-- Input follows --
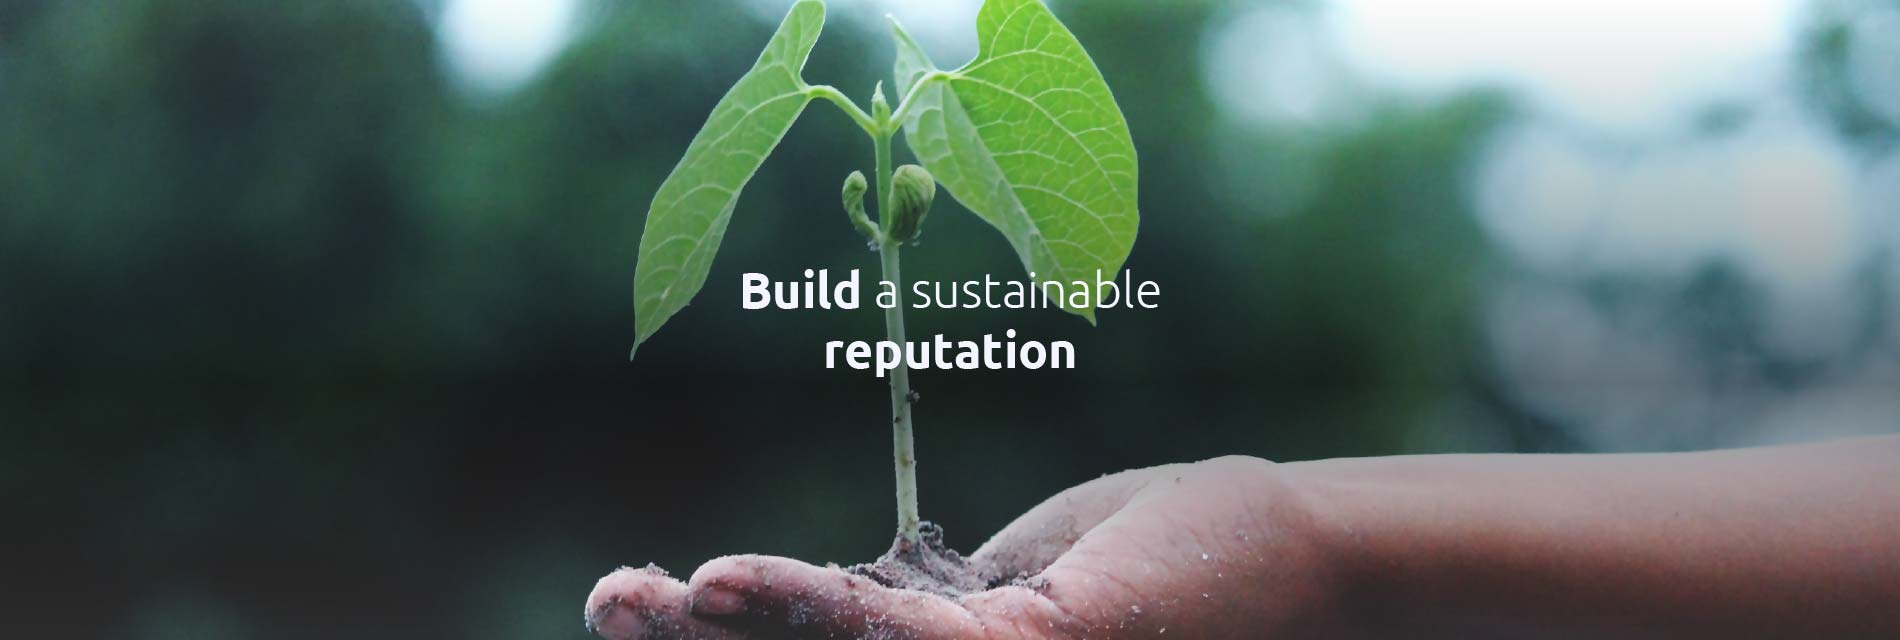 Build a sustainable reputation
-- Input concluded --
-- Input follows --
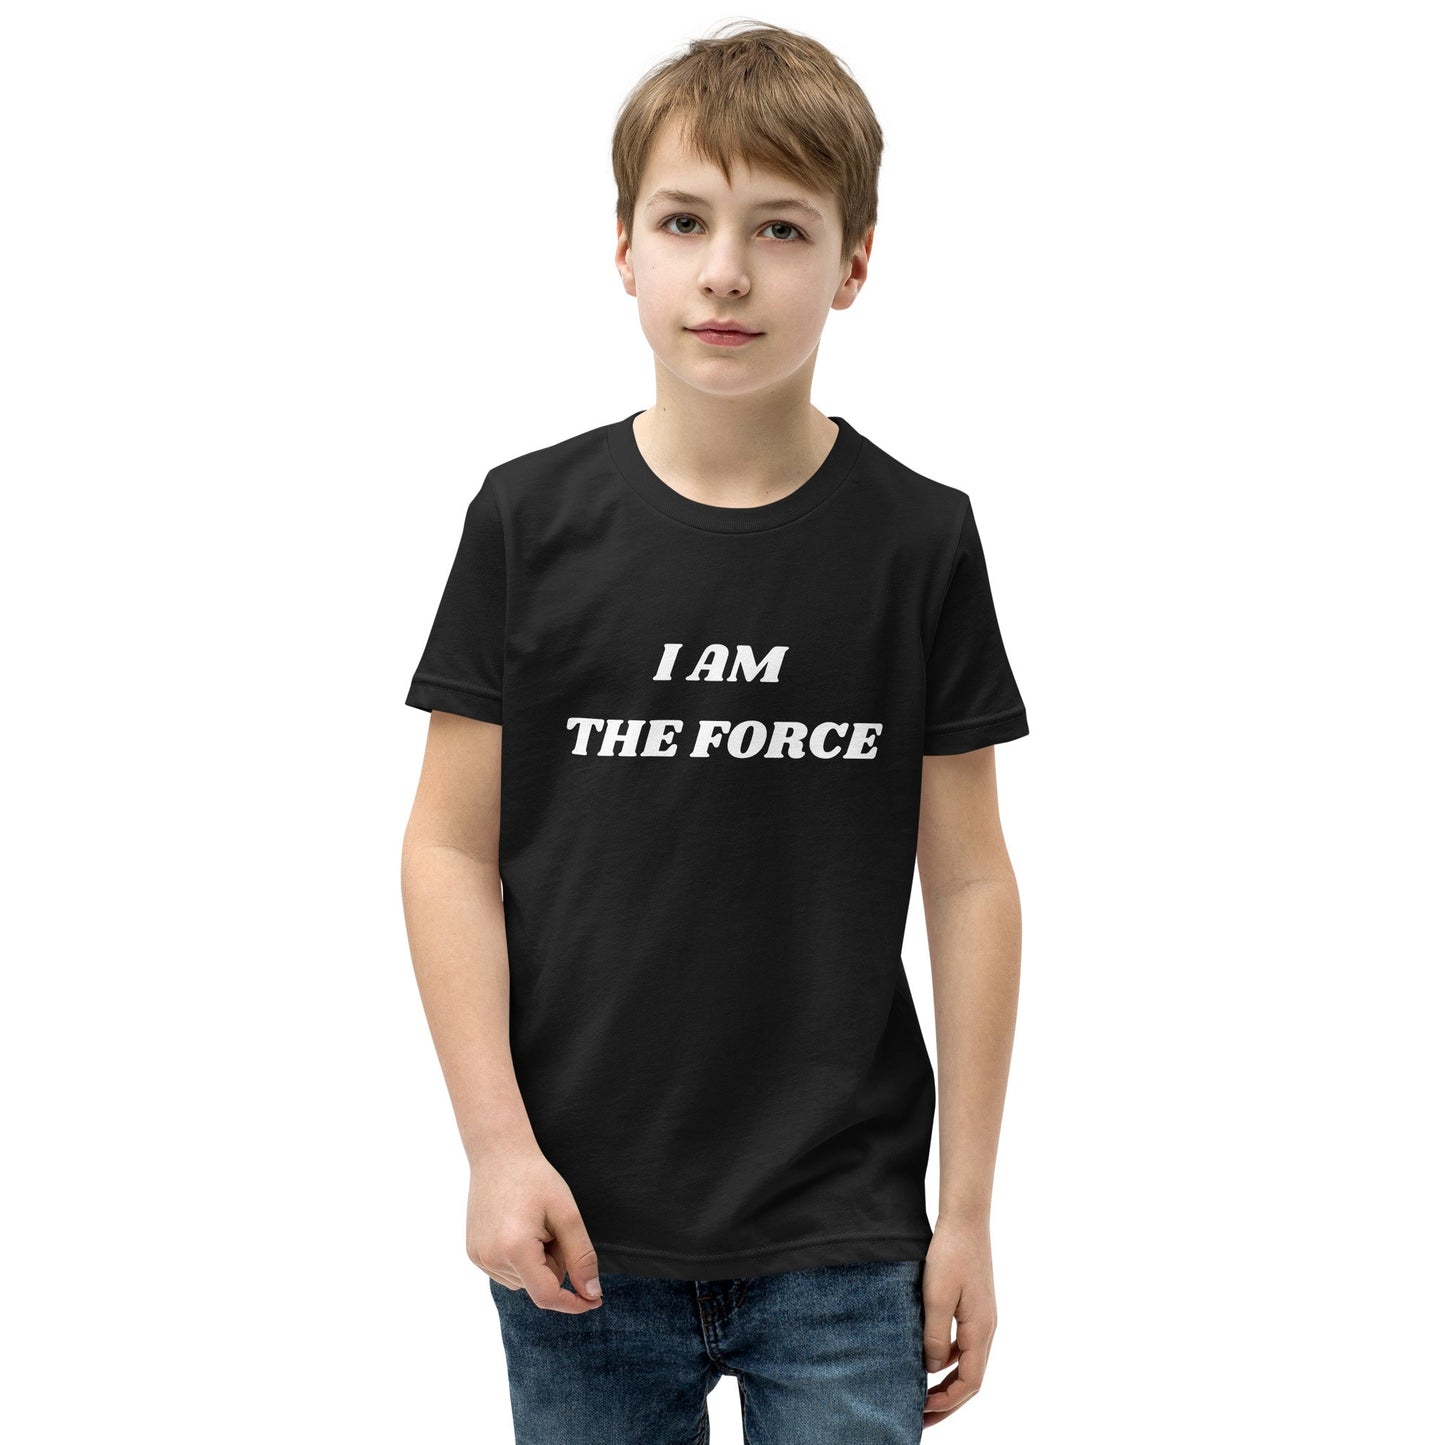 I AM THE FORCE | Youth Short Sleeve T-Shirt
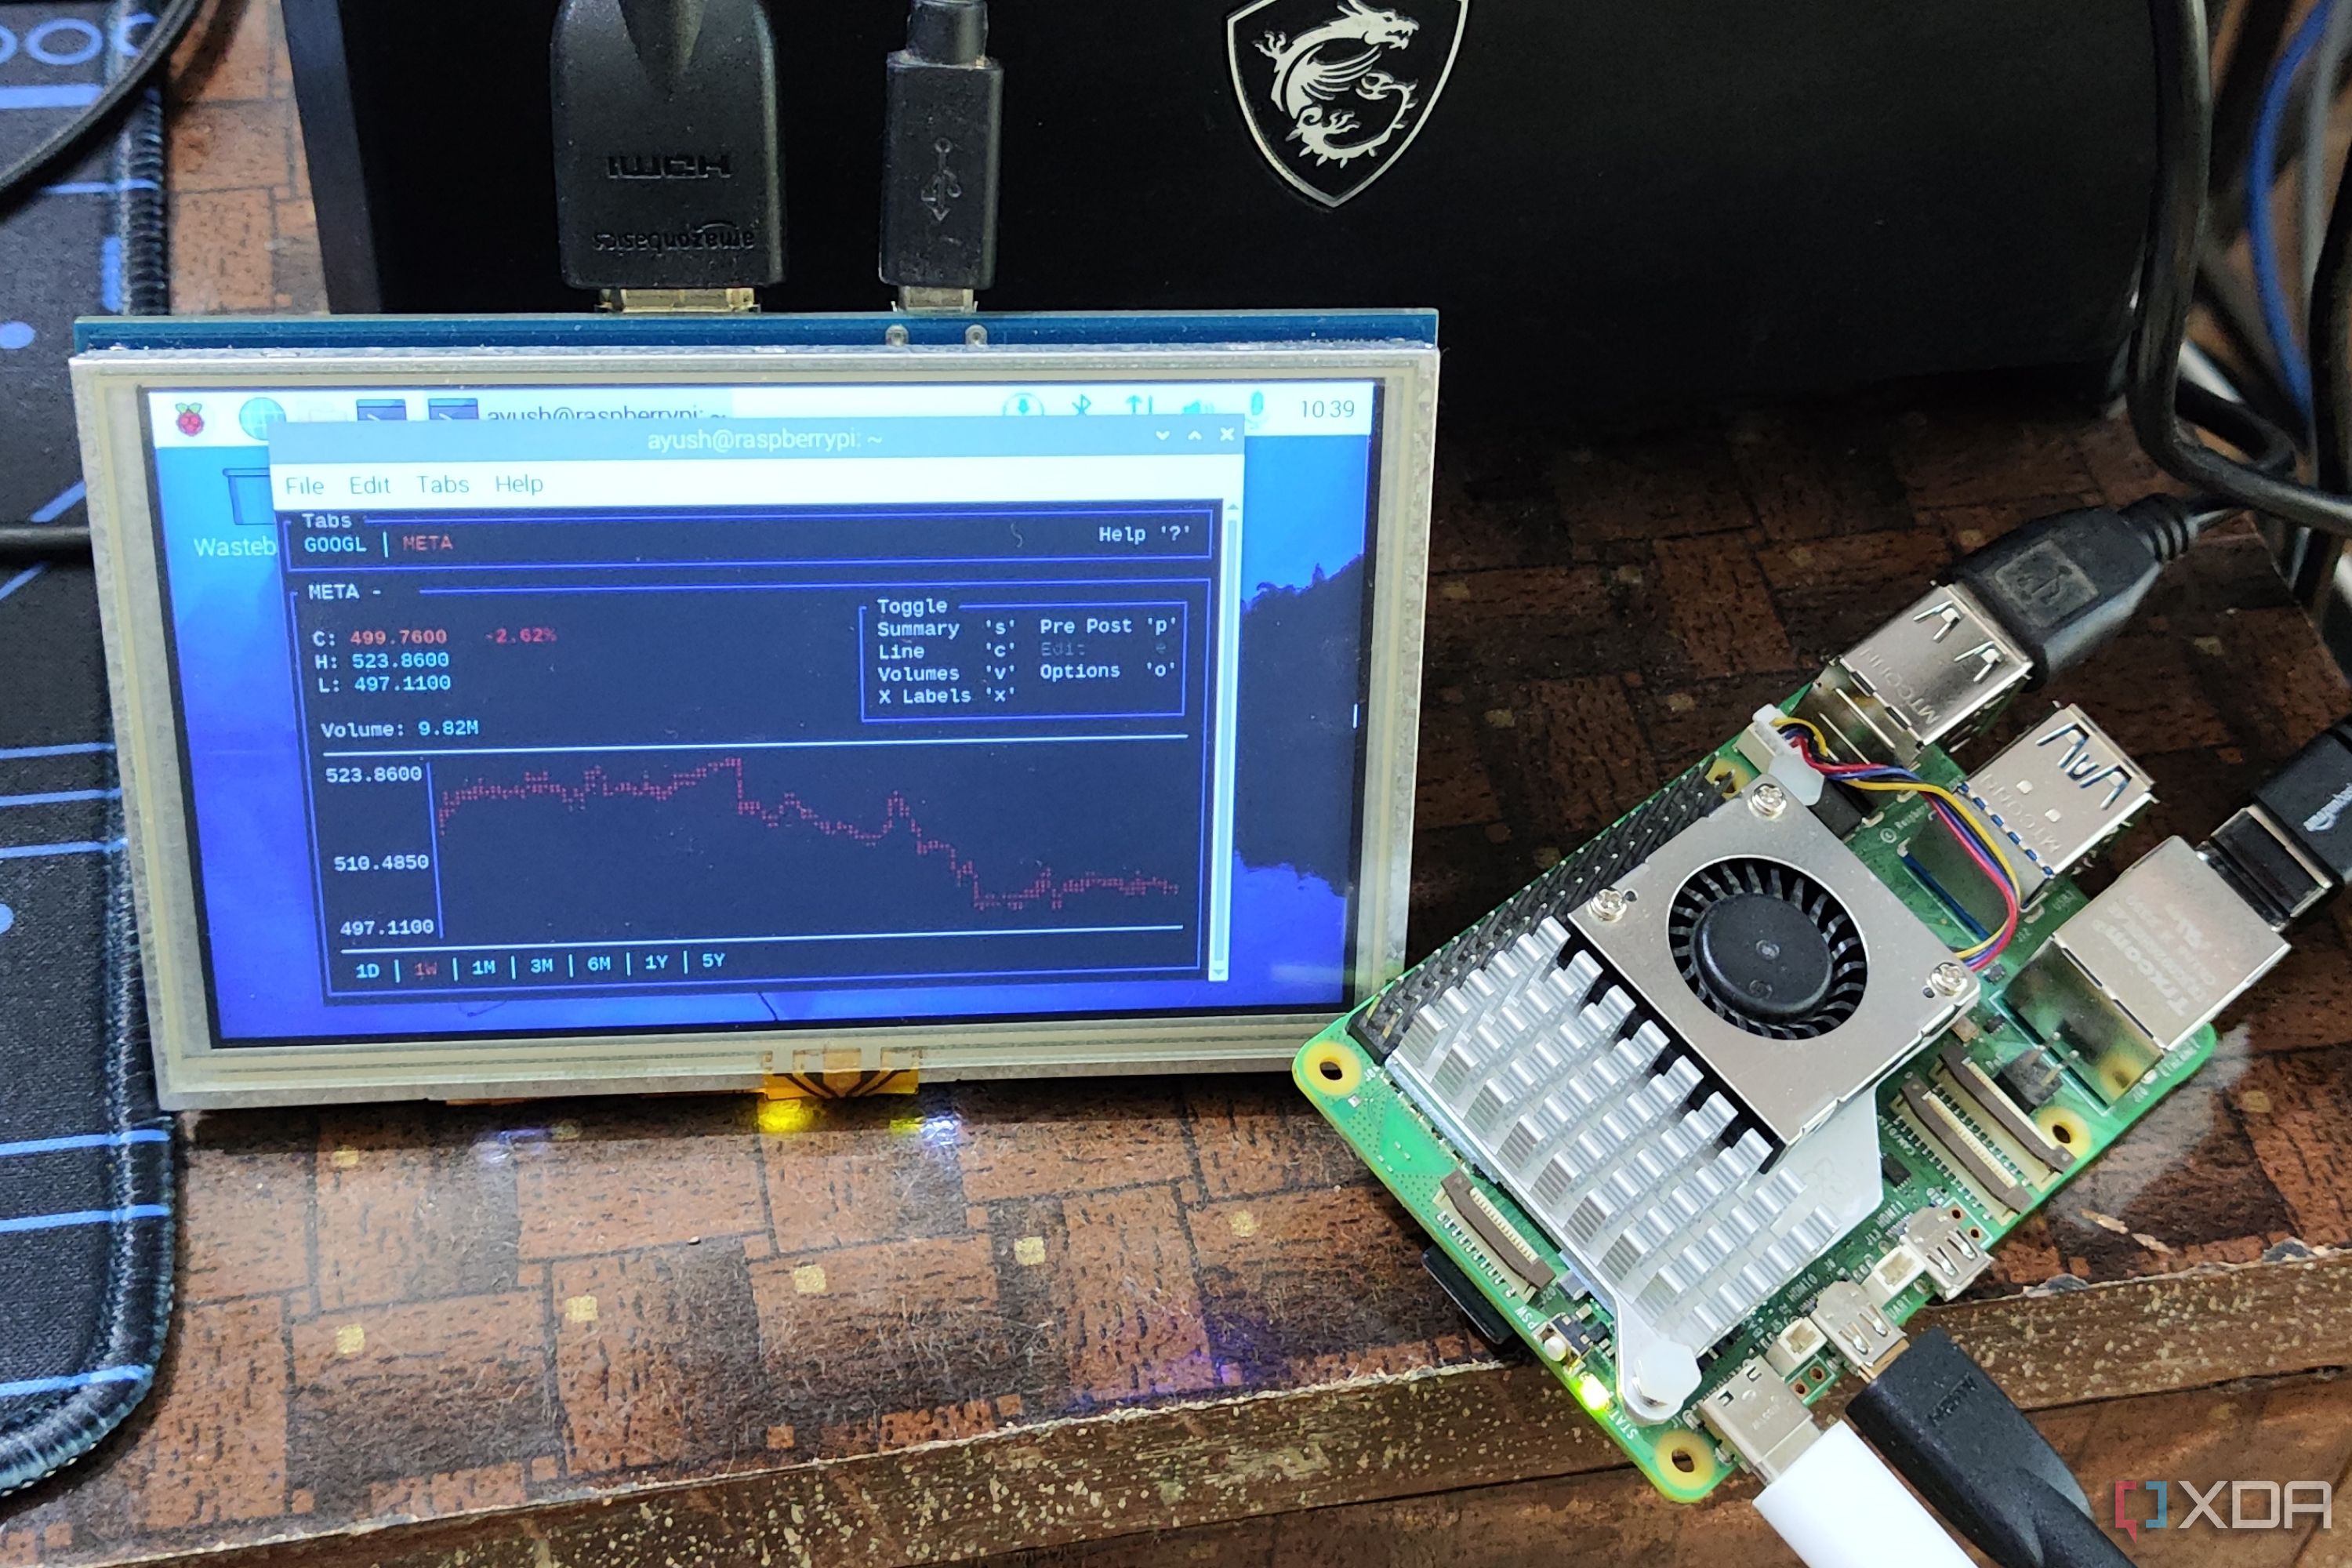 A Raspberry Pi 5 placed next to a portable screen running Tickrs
-- Input concluded --
• [Exercise aim]: Among the entries above, take the line with "I AM THE FORCE | Youth Short Sleeve T-Shirt", the line with "A Raspberry Pi", and all the lines between them, and restate them word for word without pictures.

• [Answer for this exercise]:
 I AM THE FORCE | Youth Short Sleeve T-Shirt
 A Raspberry Pi 5 placed next to a portable screen running Tickrs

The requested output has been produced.